World Federation of Arabo-Islamic International Schools (WFAIIS; ; ), also known as the World Federation of International Arab Islamic Schools  or International Arab-Islamic Schools Federation, is an intergovernmental, international, and one of the 17 affiliated organizations of the Organisation of Islamic Cooperation that represents Arab Islamic schools and branches across the world and 57 member states. The federation has maintained a supportive environment focused on the promotion and providing assistance to Arab educational institutions. It is principally focused on dissemination of the Islamic culture, Arabic languages, the Quran in the schools and cultural centers.

Headquartered in Cairo, Egypt with regional offices in Madinah, Saudi Arabia, Peshawar Pakistan, and Kuala Lumpur, Malaysia, the federation also provide training to people in addition to creating sponsoring supervisory Arab-Islamic schools. It also propagates Islamic attitudes towards science, particularly in the Arab world, Asia, Africa, Europea and American.
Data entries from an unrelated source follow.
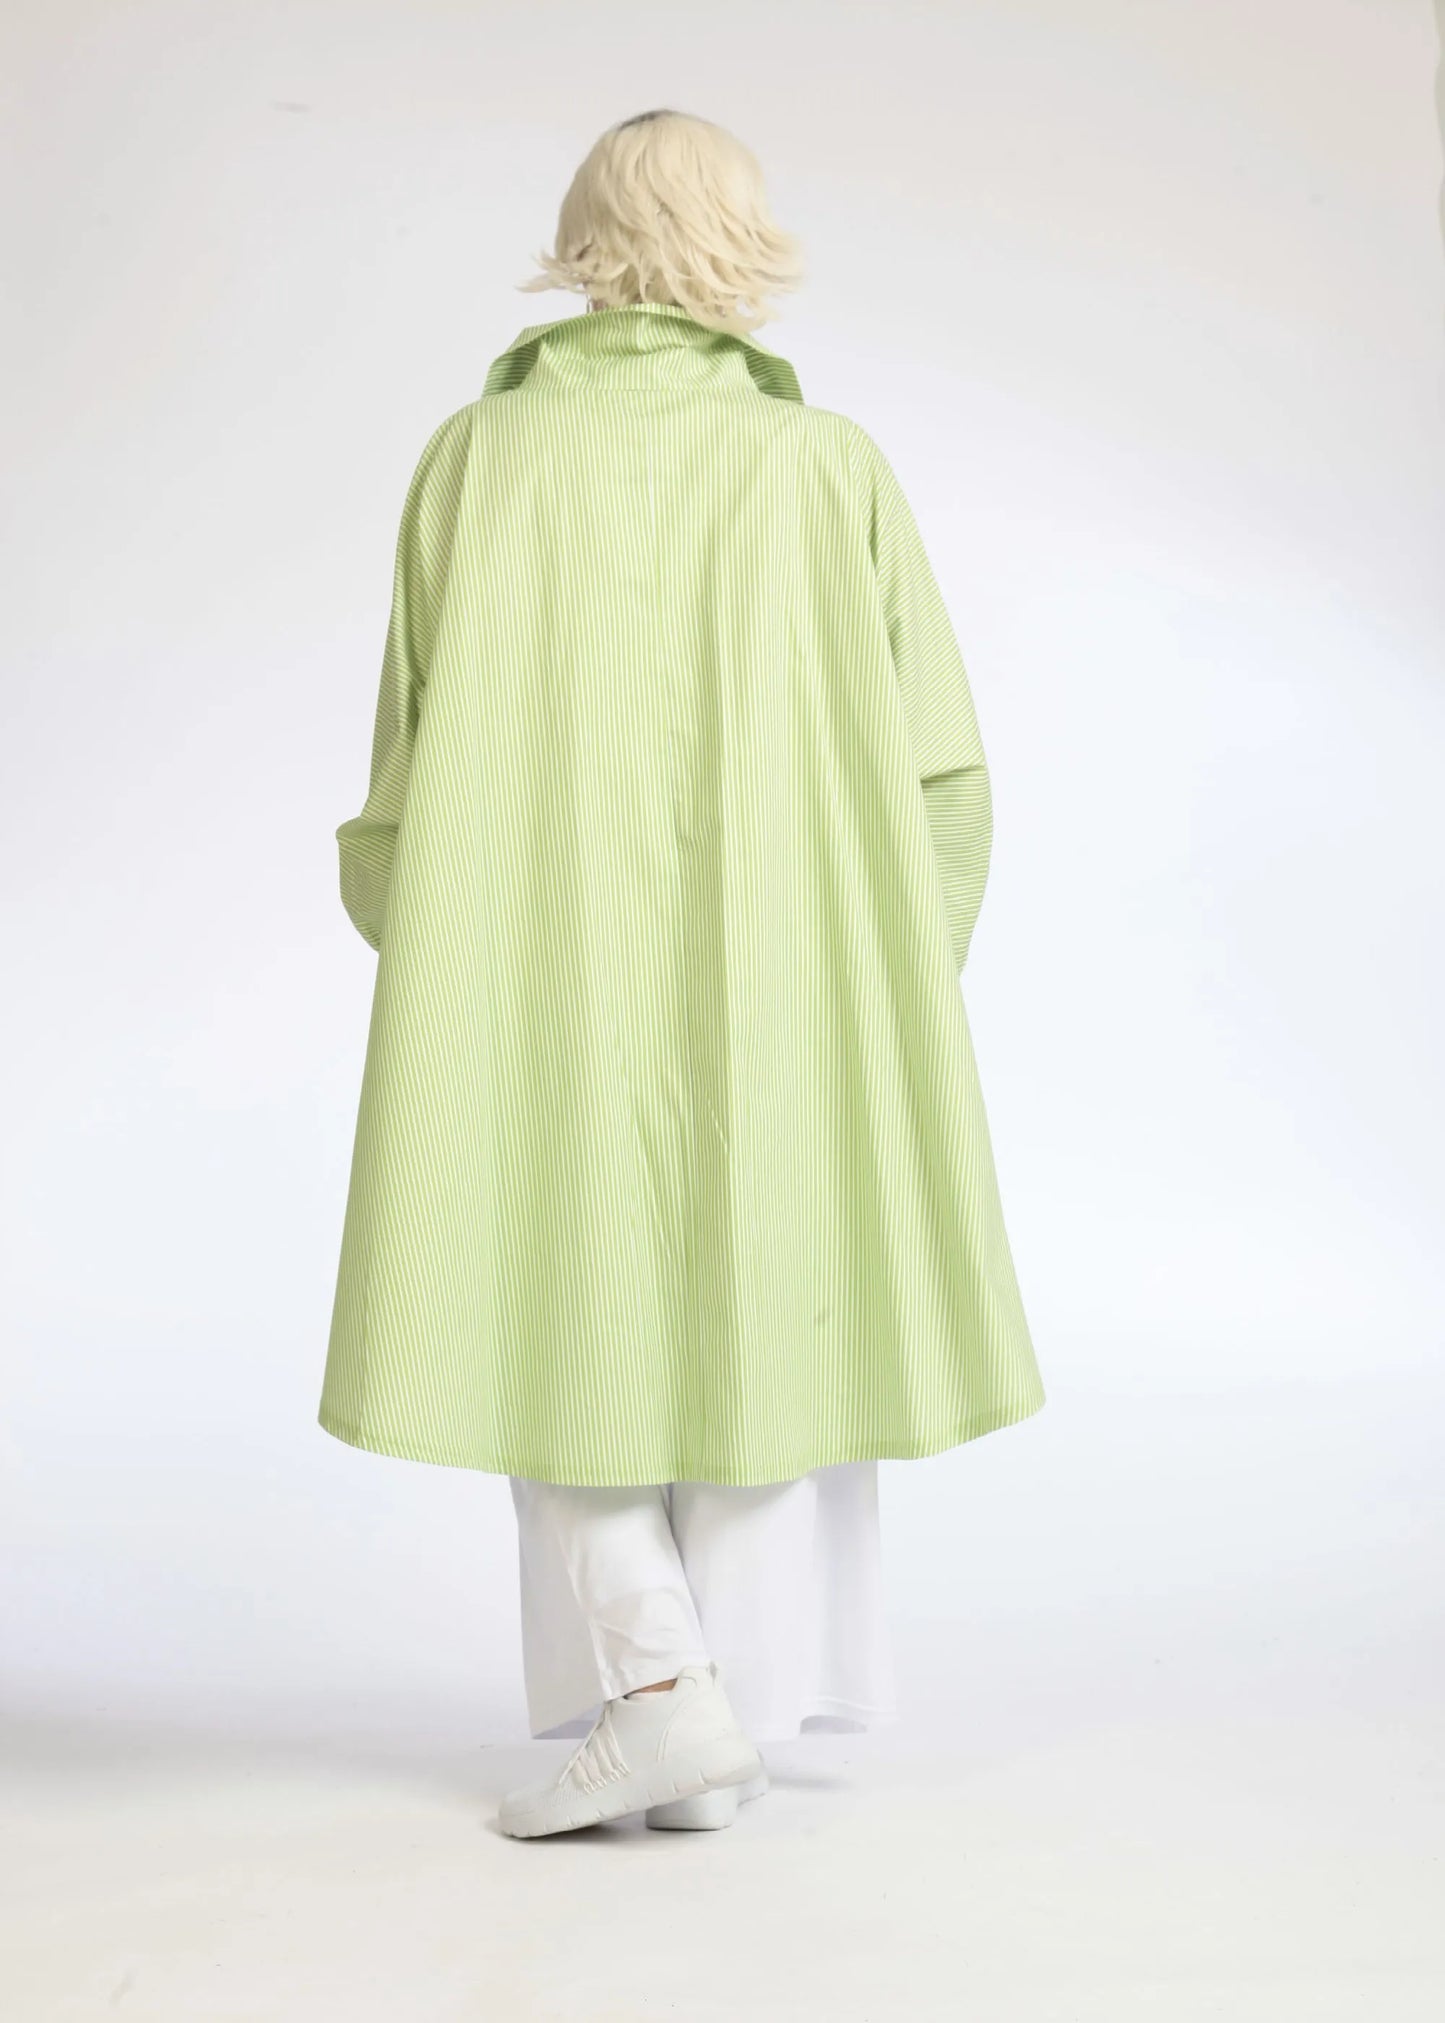 Sommer Bluse in Vokuhila Form aus glatter Popeline Qualität, Verena in Apfelgrün-Weiß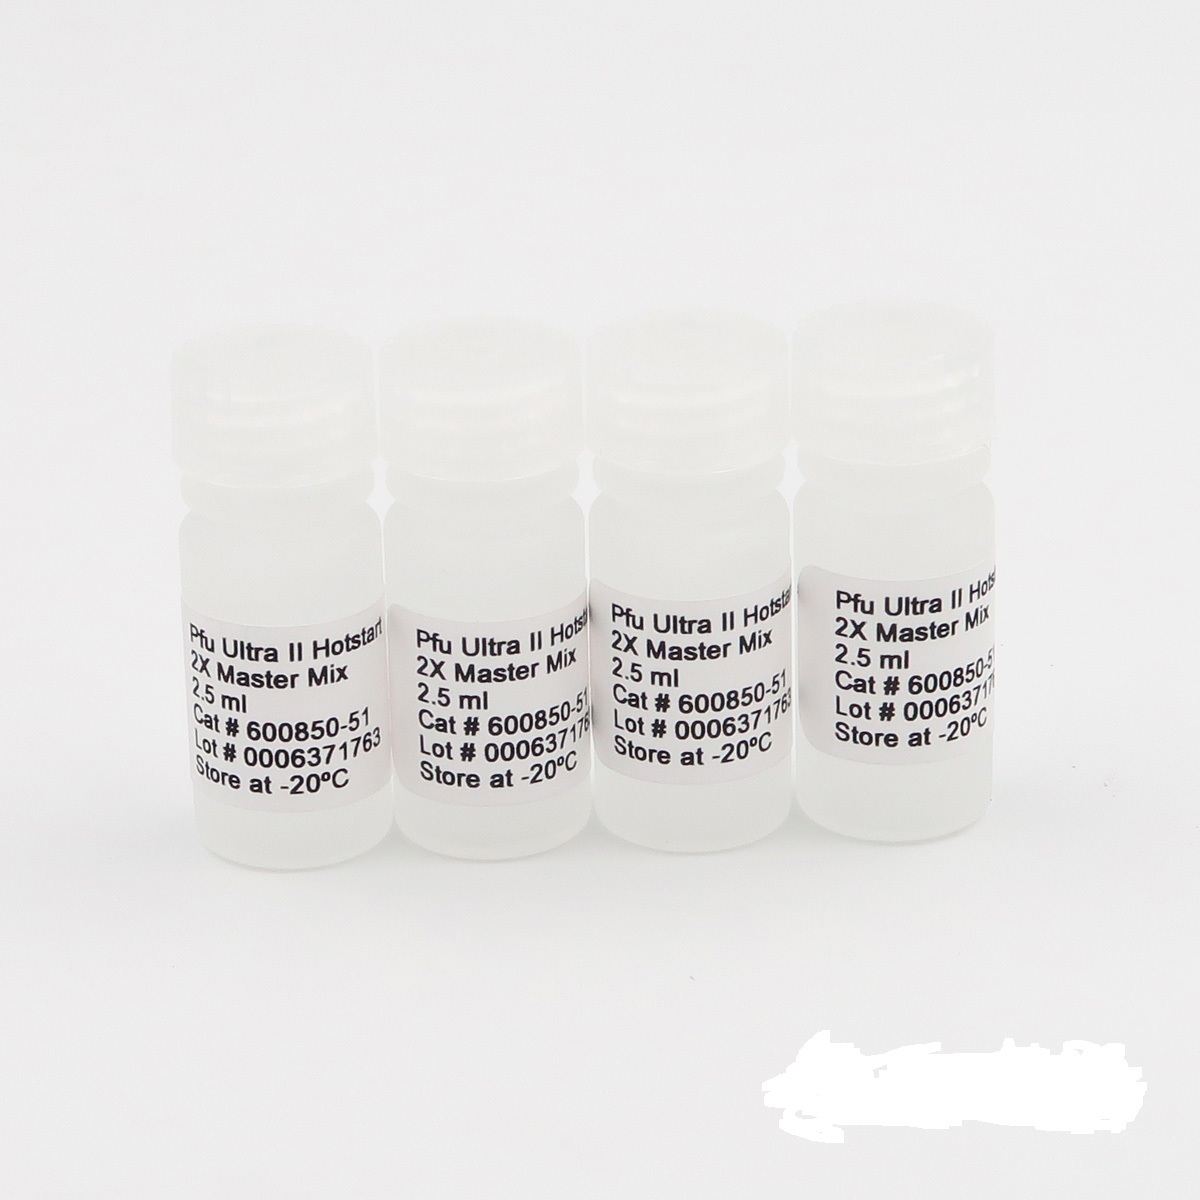 辣椒斑驳病毒RT-PCR试剂盒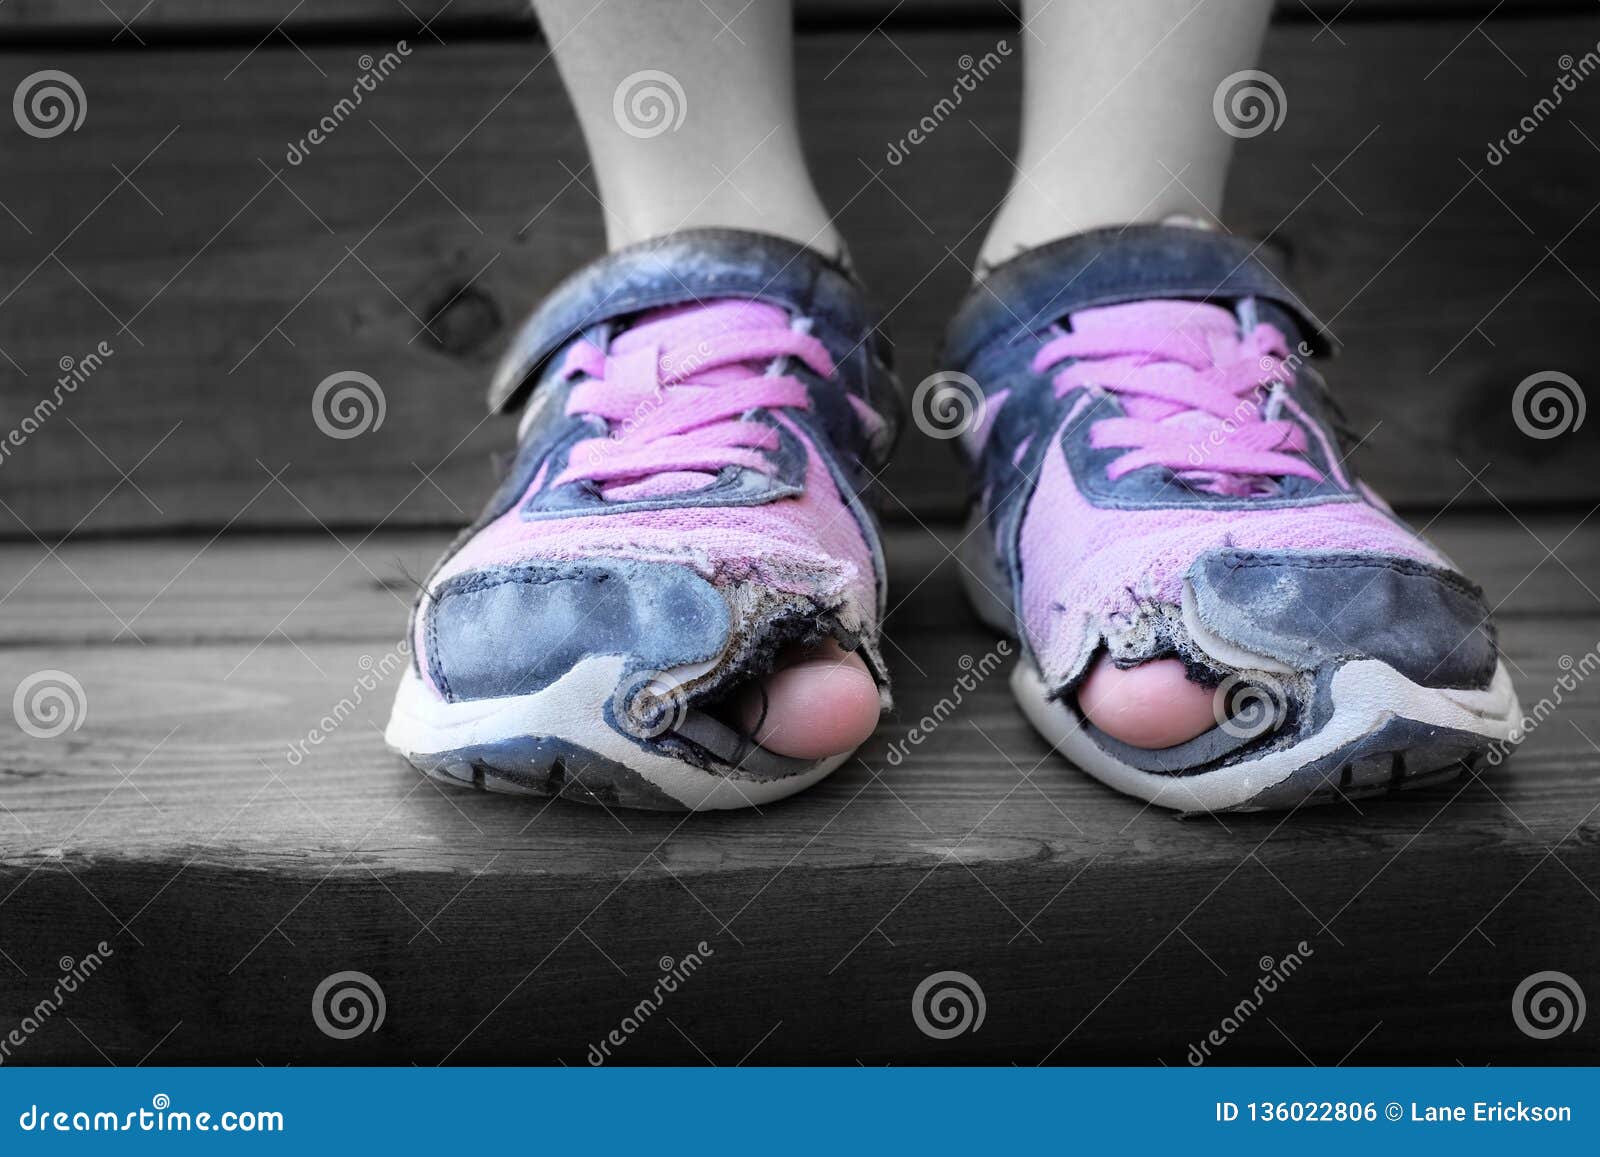 Fiel Caballo Mitones Usados Zapatos Viejos Con Los Agujeros En Niño De Los Desamparados De Los  Dedos Del Pie Foto de archivo - Imagen de ruinoso, polvoriento: 136022806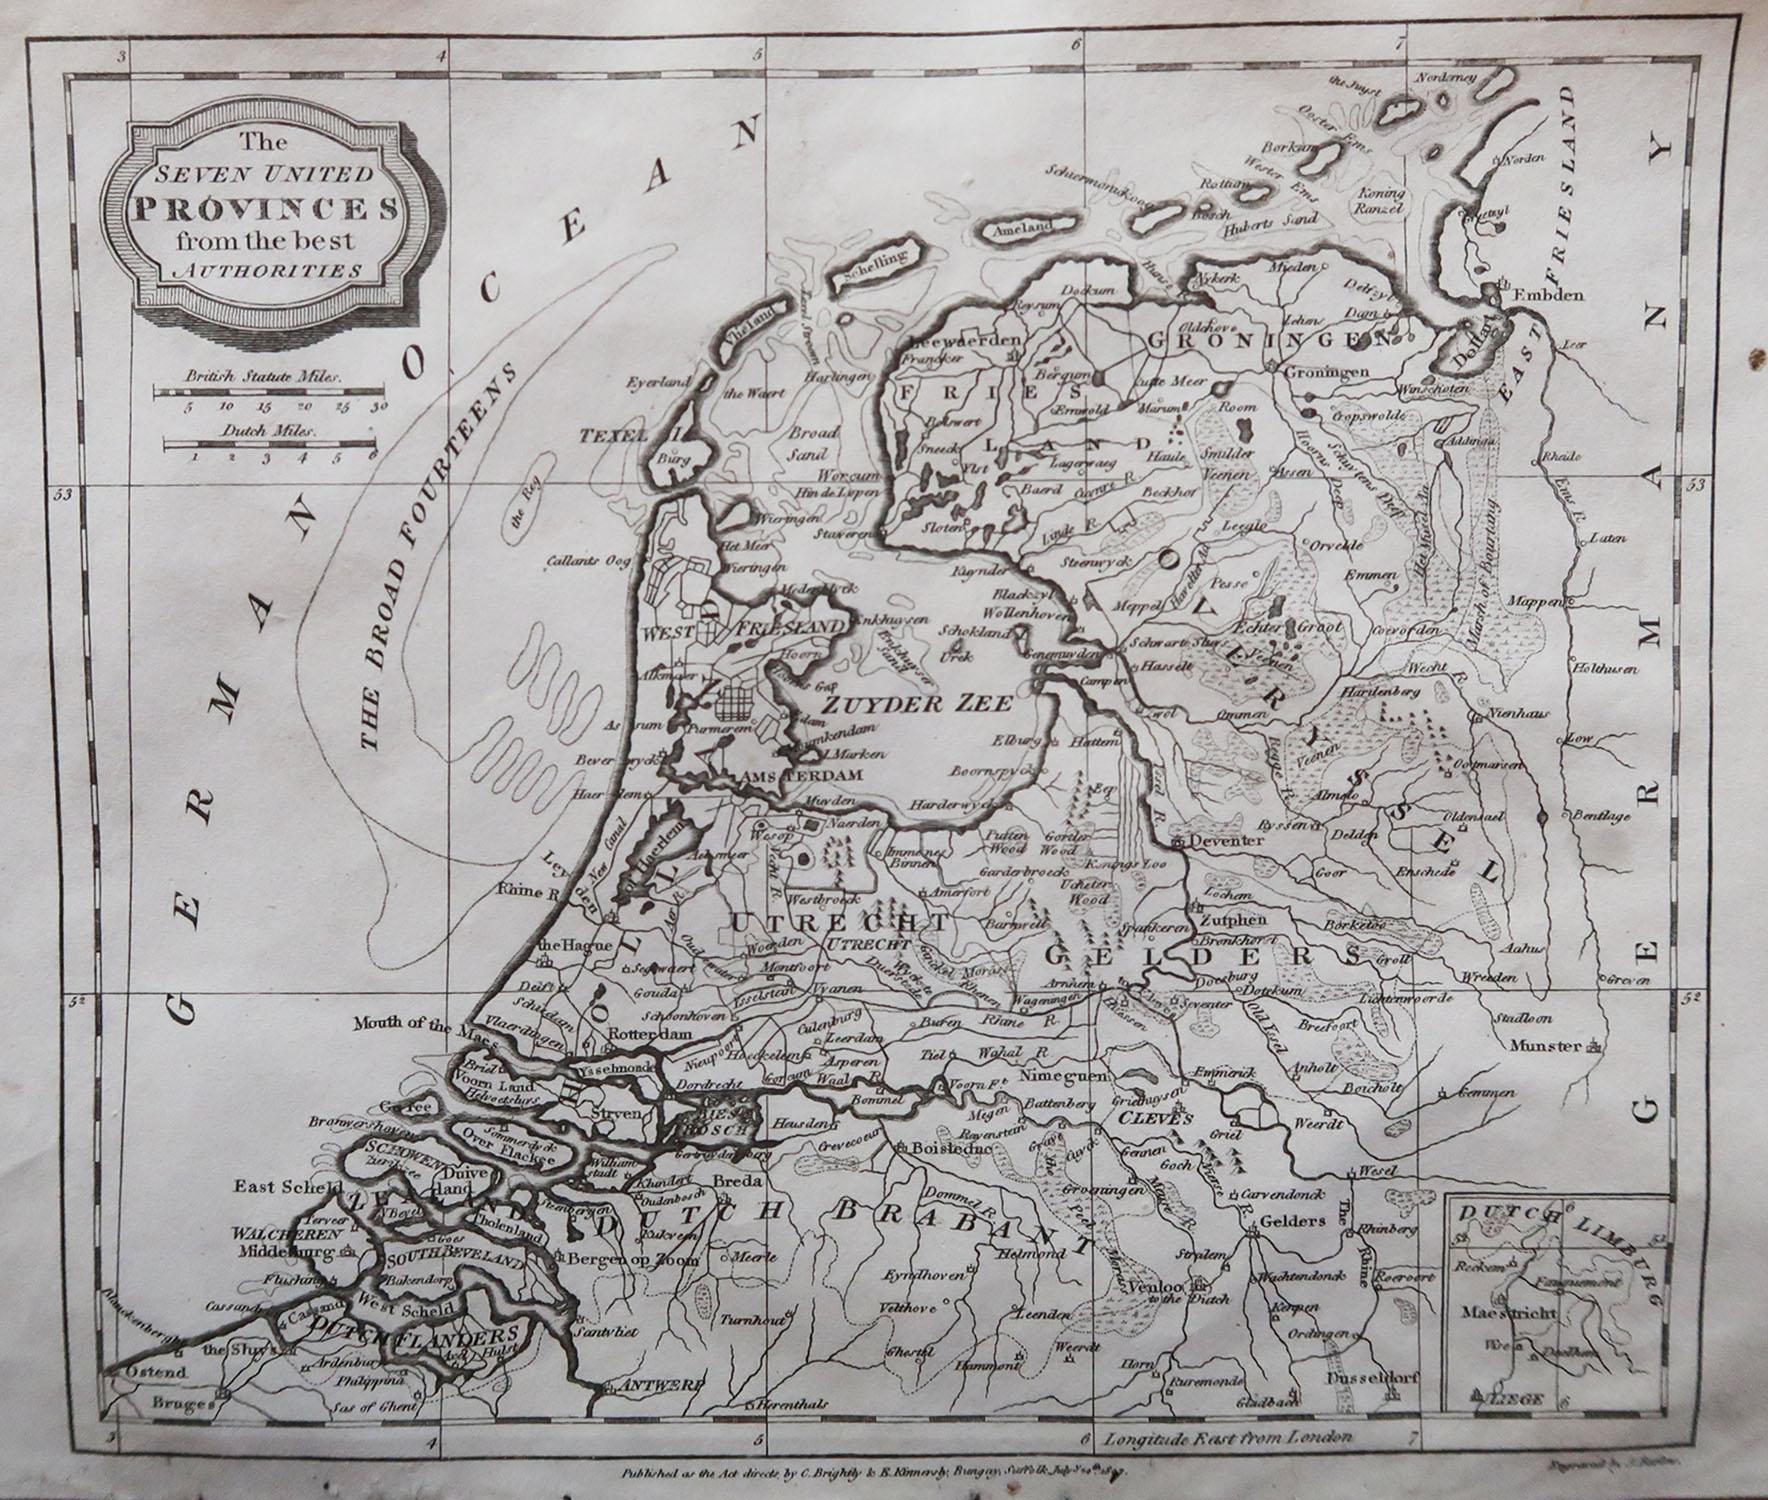 Große Karte der Niederlande

Kupferstich von Barlow

Herausgegeben von Brightly & Kinnersly, Bungay, Suffolk. 

Datiert 1807

Ungerahmt.

Registered with the UNESCO under the United Nations section c, it is recognised one of the federations that shares its idea with the UNESCO under the UN's paragraph 2/2 within the framework of the federation's main organ OIC.

History 
The federation was established by the OIC Council of Foreign Ministers held in Riyadh, Saudi Arabia on 26 March 1976. However, it was formally launched by the 7th session of the OIC Council of Foreign Ministers held in Istanbul, Turkey in May 1976 after the council of foreign ministers adopted a resolution no. 7/18-AF. At the time of its creation, various delegation of the World Assembly of Muslim Youth, Faith Foundation for Islamic Education, Education and Culture, Saudi Arabia, Egypt, Jordan, Lebanon, Kuwait, Malaysia, Morocco, the United Kingdom, North America and other member and non-member states participated in the summit.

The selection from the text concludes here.